Editorial THE JORDAN TIMES

May 27,2012 | 23:08

The tenure of the UN High Commissioner for Human Rights Navi Pillay has been halved under pressure from the US and, no doubt, Israel as well.

The UN General Assembly has recently renewed the mandate of the human rights commissioner by only two years instead of the usual four, because the US wanted her out due to her critical stance on Israel.

Pillay has been an outspoken critic of both Syria, because of its gross, systematic human rights violations while suppressing protesters over the past year-and-a-half, and also of Israel, a grave violator of Palestinians’ human rights.

Pillay has been supportive of the call for closer monitoring of the human rights situation in the two countries. Her stance against human rights violations is impeccable and fair; it is the same for countries in Asia as it is for those in Africa or Latin America.

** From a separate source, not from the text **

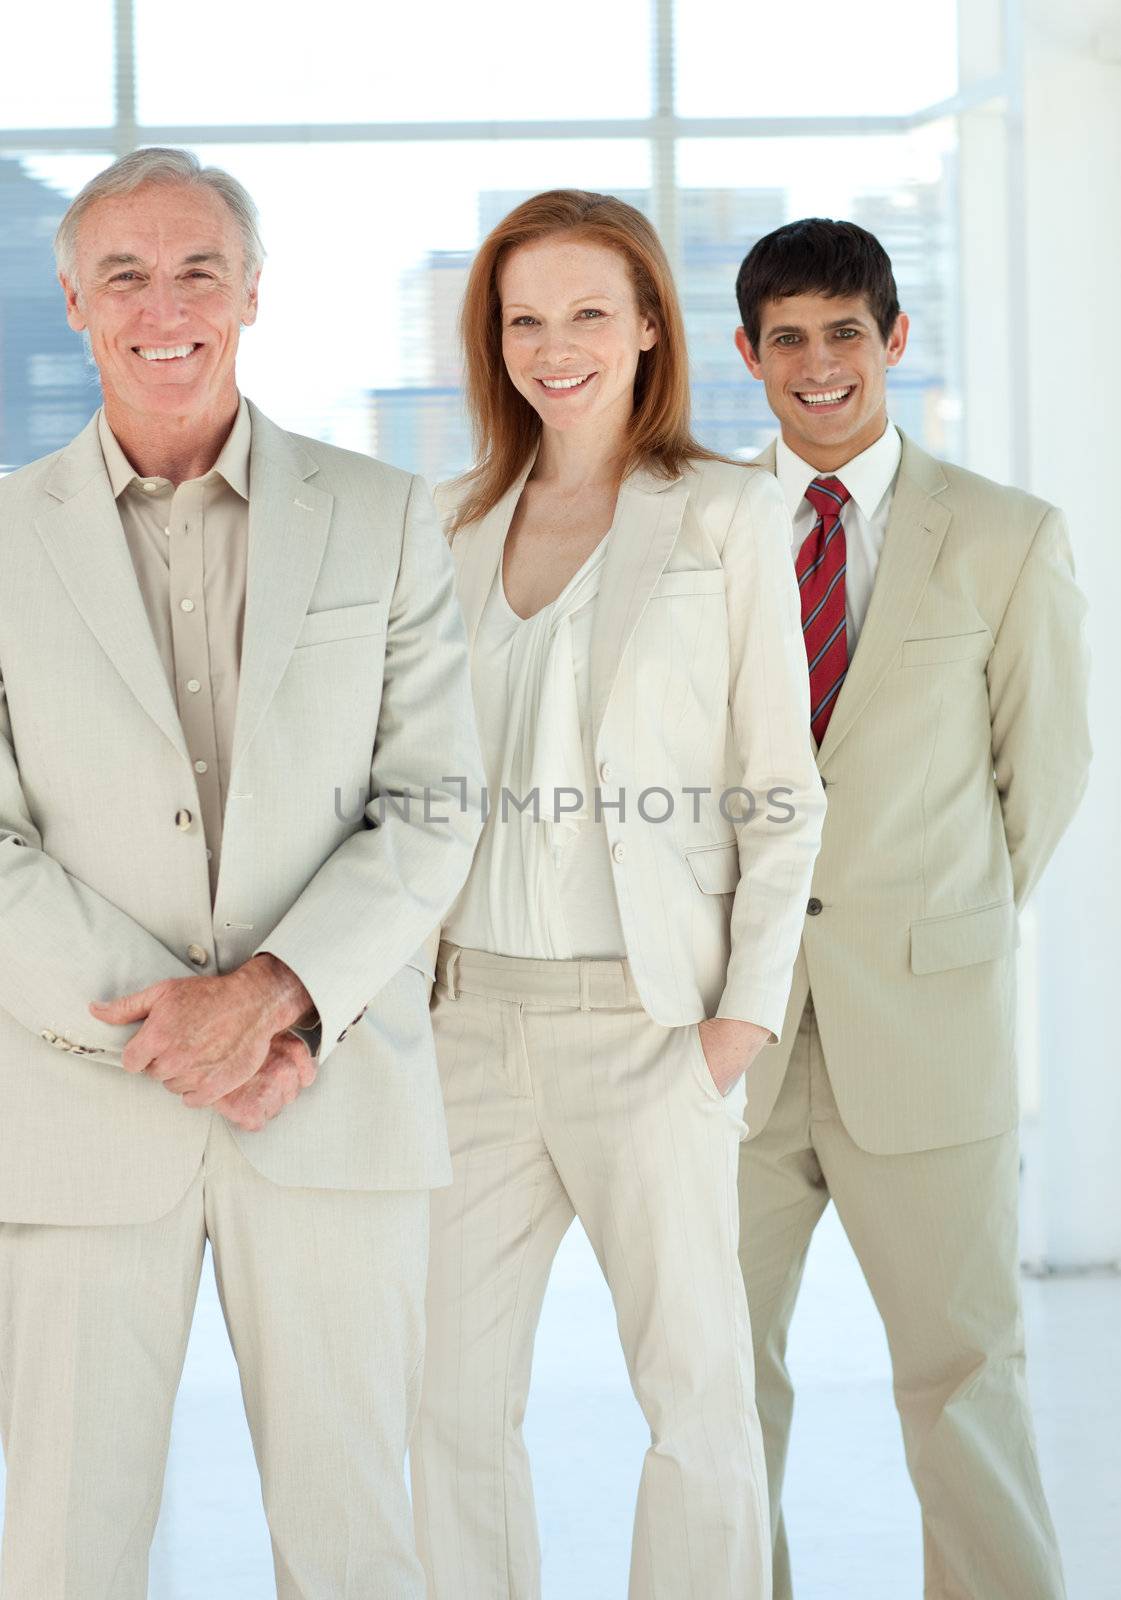 Confident business people standing together in a business building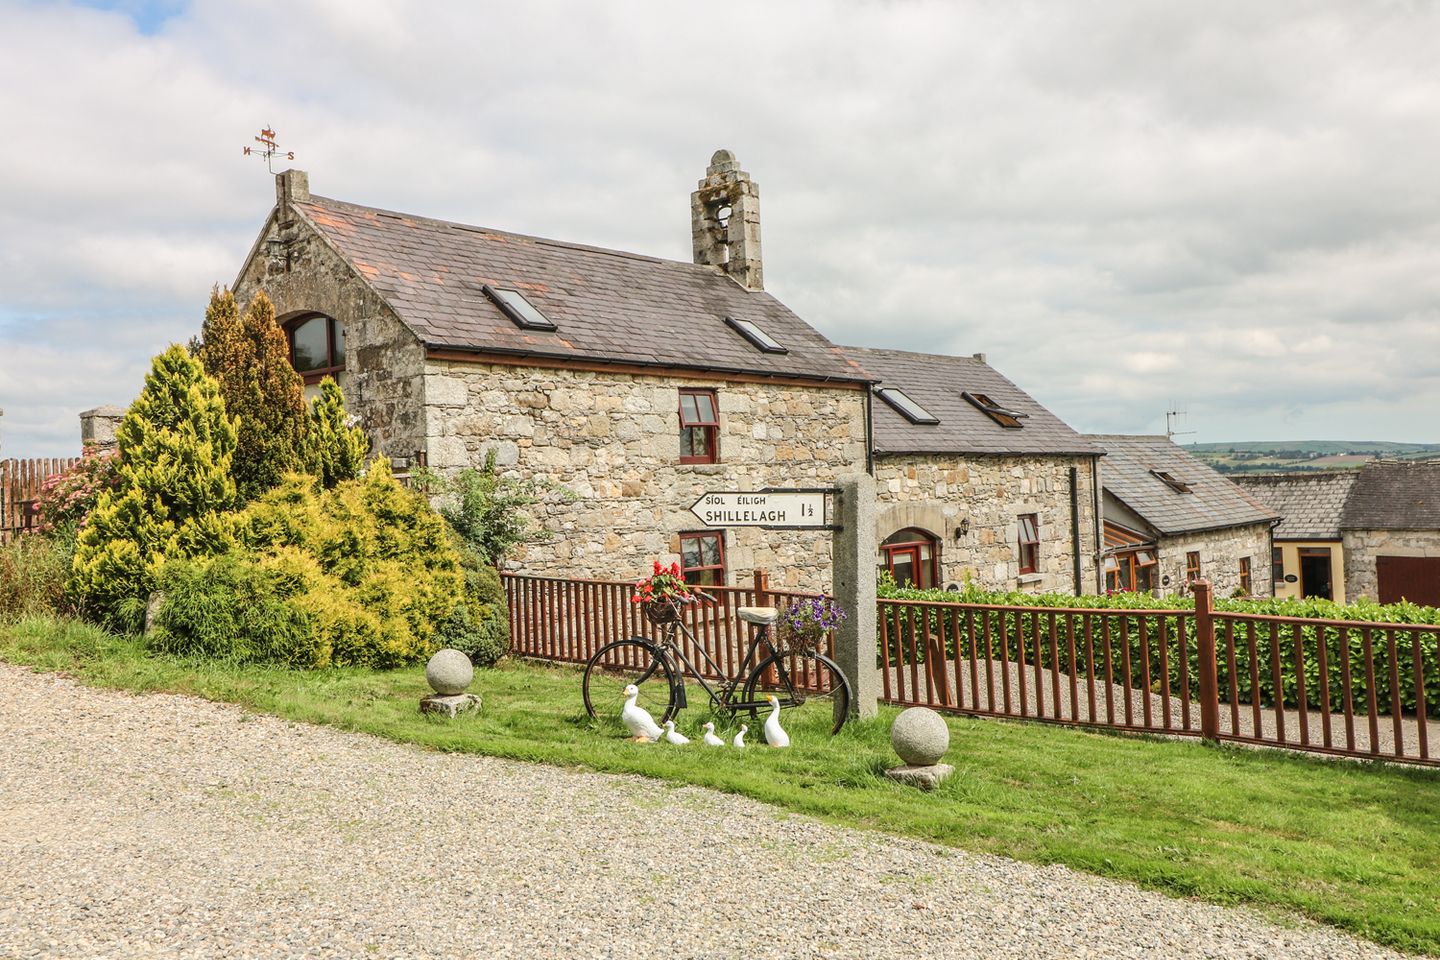 Ref. 988330 The Barn @ Minmore Mews, Minmore Mews, Wicklow Town, Co. Wicklow

Pillay’s integrity and her clear opposition to human rights violations no matter where they occur was obviously too much for the US.

This blatant intervention in the office of the High Commissioner for Human Rights comes at a time when the UN human rights system is undergoing rapid transformation and its machineries are strengthened.

Pillay has been behind the efforts to revamp and strengthen the UN human rights system, including the UN Human Rights Council and the 10 existing human rights treaty bodies.

Cutting her term by half at this critical stage is clearly not meant to help this endeavour. If anything, it is meant to thwart such efforts, and this does not become the UN body.

She should be at least given time to finish what she set out to do.

As for the true colours of an organisation ostensibly created to protect human rights, well, they are being shown now.